For example, DiscreteVariable
subclasses have a corresponding
DiscreteDomain
whose main role is to provide its size
—the number
of possible values the variable can take on, i.e. from 0 to N-1.
CategoricalVariable[A]
subclasses have a corresponding
CategoricalDomain[A]
(inheriting from DiscreteDomain
) which
provides not only its size
but also a one-to-one mapping between the
categories and the integers 0 to N-1. For example, if cd1
is a
CategoricalDomain[String]
then cd1.category(3)
returns the String
corresponding to index 3 in the domain. cd1.index("apple")
returns
the integer index corresponding to the category value "apple"
. If
"apple"
is not yet in the domain, it will be automatically added, assigned the
next integer value, and the size of the domain will be increased by
one (assuming that cd1
has not previously been frozen).
Undoable changes
FACTORIE also provides the ability to undo a collection of changes to variable values. (This is especially useful in Metropolis-Hastings inference, in which a proposed change to variable values is made, but may be rejected, requiring a reversion to previous values.)
A Diff
instance represents a change in value to a single variable.
It has methods undo
and redo
, as well as the variable
method which
returns the variable whose value was changed.
A DiffList
stores an ordered list of Diff
s.
The :=
method for assigning the value of a MutableVar
was described above.
An alternative method for changing the value of a MutableVar
is
set
, which, in addition to the new value, also takes a DiffList
as
an implicit argument.
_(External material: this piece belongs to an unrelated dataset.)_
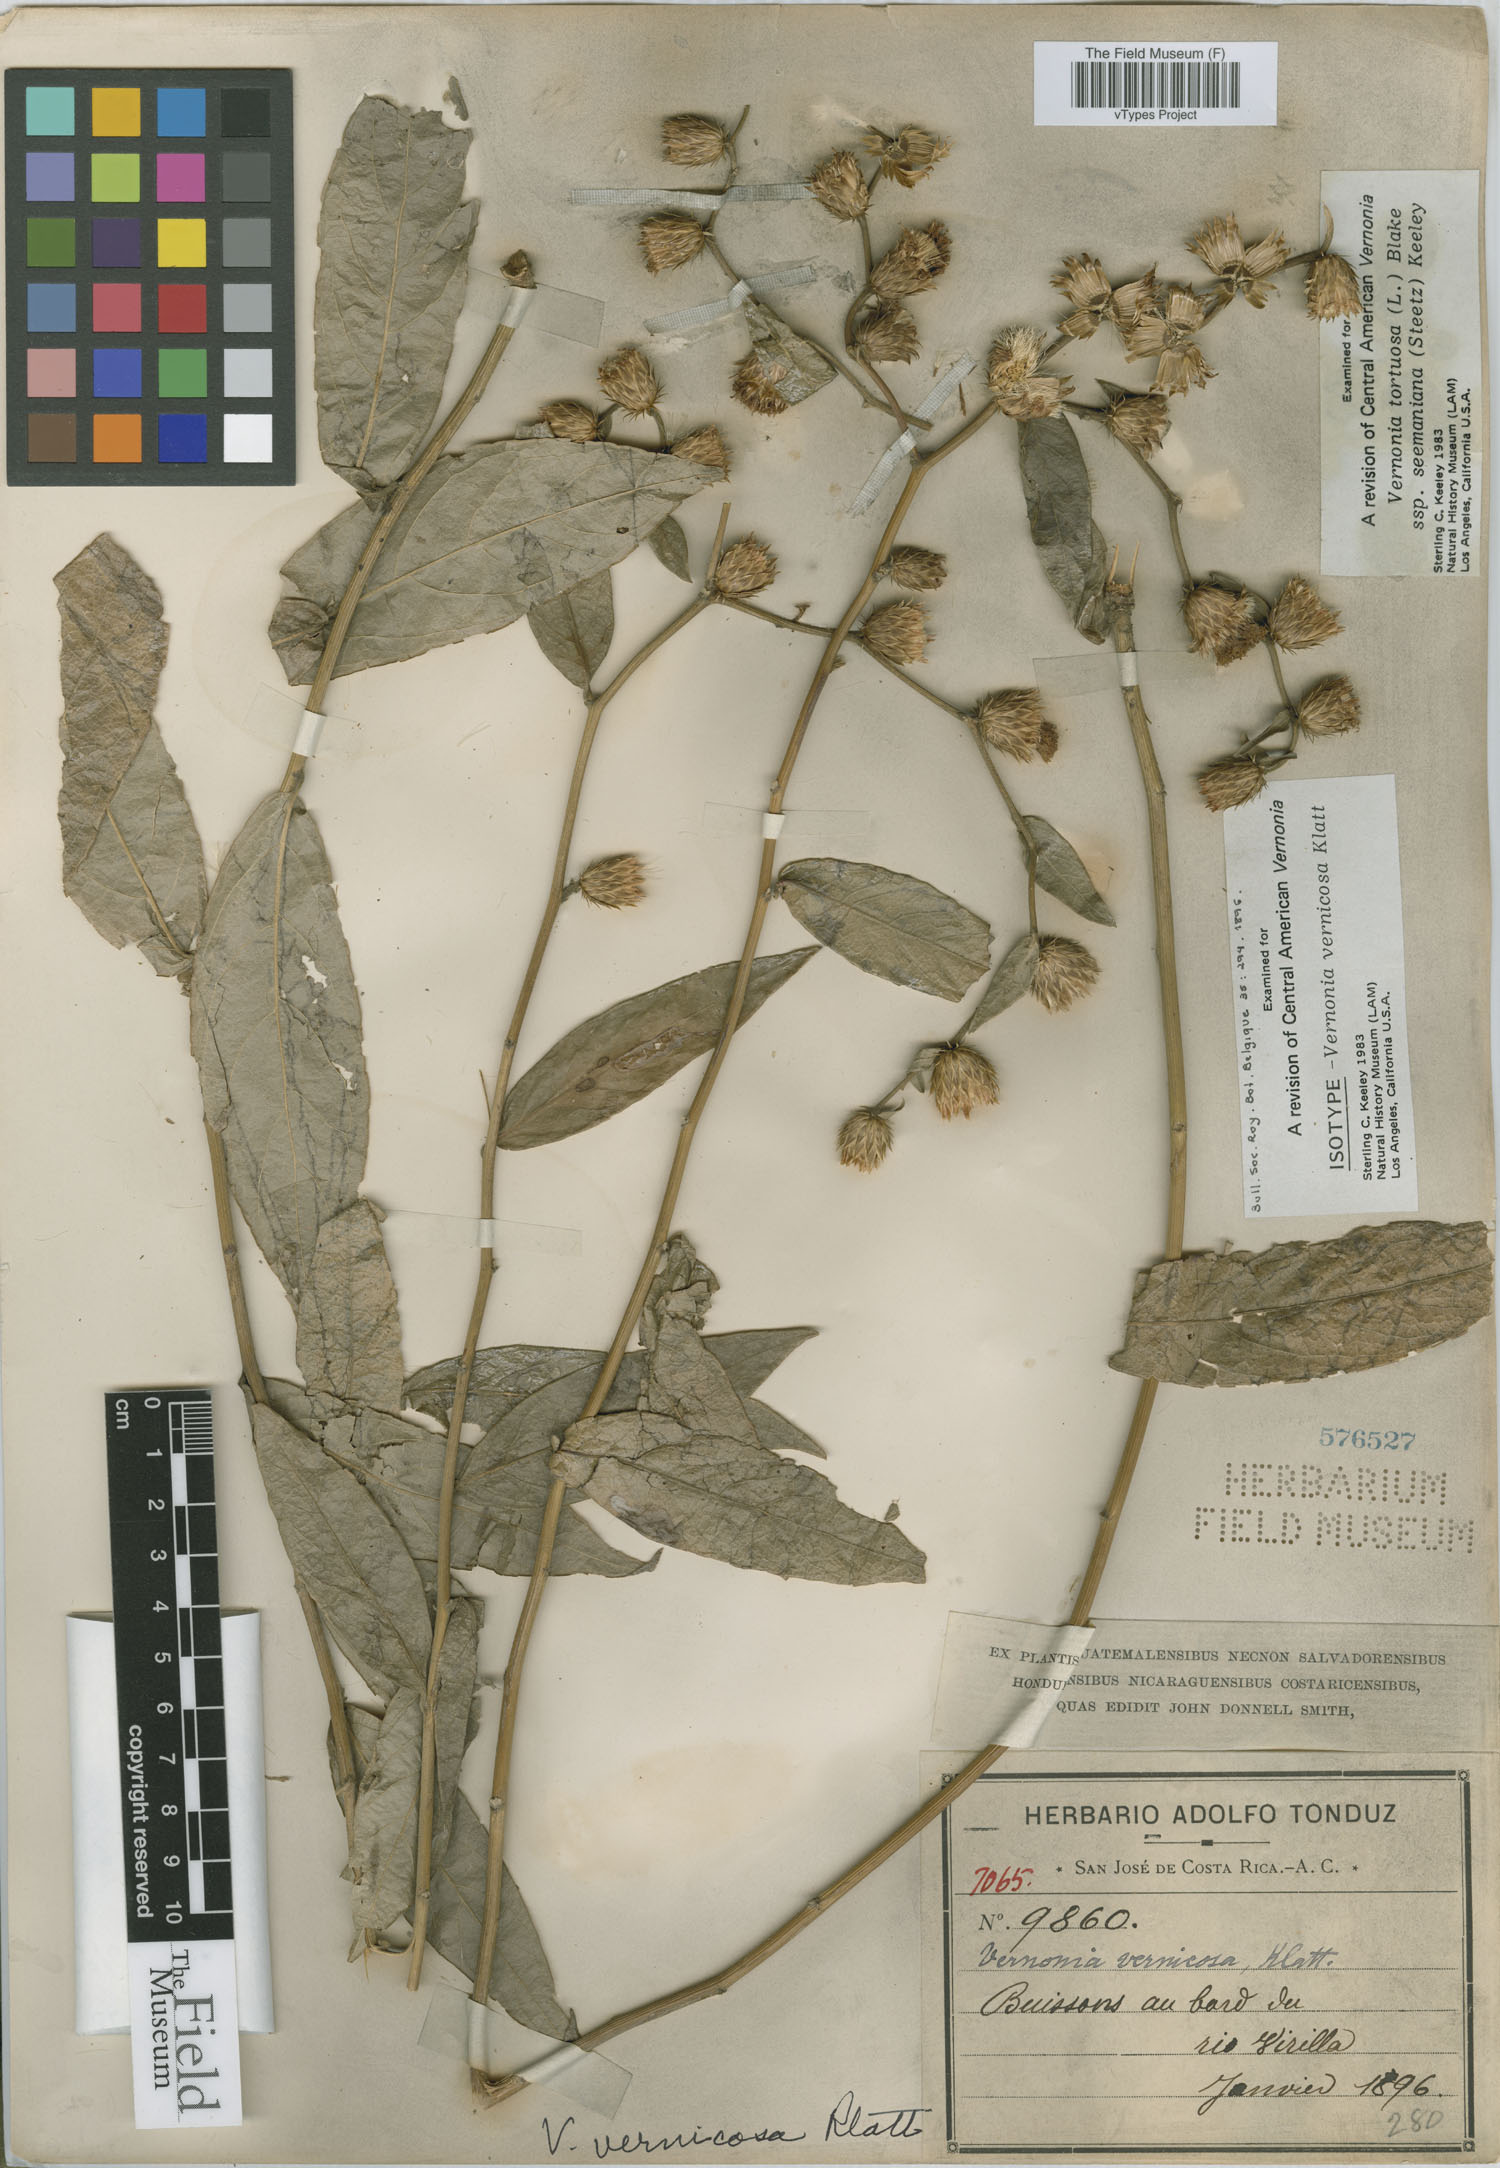 Vernonia image

The set
method will then automatically
construct a Diff
object and append it to the given DiffList
.
Expressing preferences with factors and models
A collection of variables and their values represents a possible state of the world. To express a degree of preference for one possible world over another—or a probability distribution over possible worlds—we need a mechanism for scoring the different worlds, such as a collection of factors in a factor graph.
Factors
In FACTORIE, factors are represented by instances of the trait
Factor
. All Factor
s have certain basic methods. The
numVariables
method returns the number of variables neighboring the
factor. The list of neighboring variables themselves is returned by
the method variables
. Calling currentScore
calculates the factor’s
score for the neighboring variables’ values in the current global
assignment. You can obtain the score under alternative assignments by
calling assignmentScore(a1)
, where a1
is some Assignment
.
Subclasses of the Factor
trait include Factor1
, Factor2
,
Factor3
, and Factor4
, which have one, two, three or four
neighboring variables respectively. (FACTORIE does not currently
support factors with more than four neighbors; if necessary these
could be added in the future, however, thus far we have not found them
necessary because (a) the use of TensorVariable
, SeqVariable
and
other composite-valued variables handle cases in which many values are
necessary, or (b) the use of a “var-args” ContainerVariable
helps
similarly.)
The only abstract method in Factor1
(and its other numbered
relations) is score
, which takes as arguments the values of its
neighbors and returns a Double
.
Some Factor
subclasses define a statistics
method that takes as
arguments the values of its neighbors and returns the sufficient
statistics of the factor. (Often the sufficient statistics will
simply be the combination of neighbor values, but this method provides
users with an opportunity to instead perform various useful
transformations from values to sufficient statistics.) In these cases
the score
method is then defined to be the result of the
statisticsScore
method, whose only argument is the statistics, thus
ensuring that the factor score can be calculated using only the
sufficient statistics.
For example, in the class DotFactor2
the abstract method
statistics
must return sufficient statistics of type Tensor
. The
statisticsScore
method is then defined to be the dot-product of these
sufficient statistics with another Tensor
of scoring parameters, which
is returned by the abstract method weights
.
The DotFactorWithStatistics2
class inherits from DotFactor2
but
requires that both its neighbors inherit from TensorVar
. It then
defines its statistics
method to return the outer-product of the
tensor values of its two neighbors.
The naming convention is that classes having the suffix WithStatistics
define the statistics
method for the user. Most other classes have
an abstract statistics
method that must be defined by the user.
Templated Factors
In many situations we want to model “relational data” in which the variables and factors appear in repeated patterns of relations to each other.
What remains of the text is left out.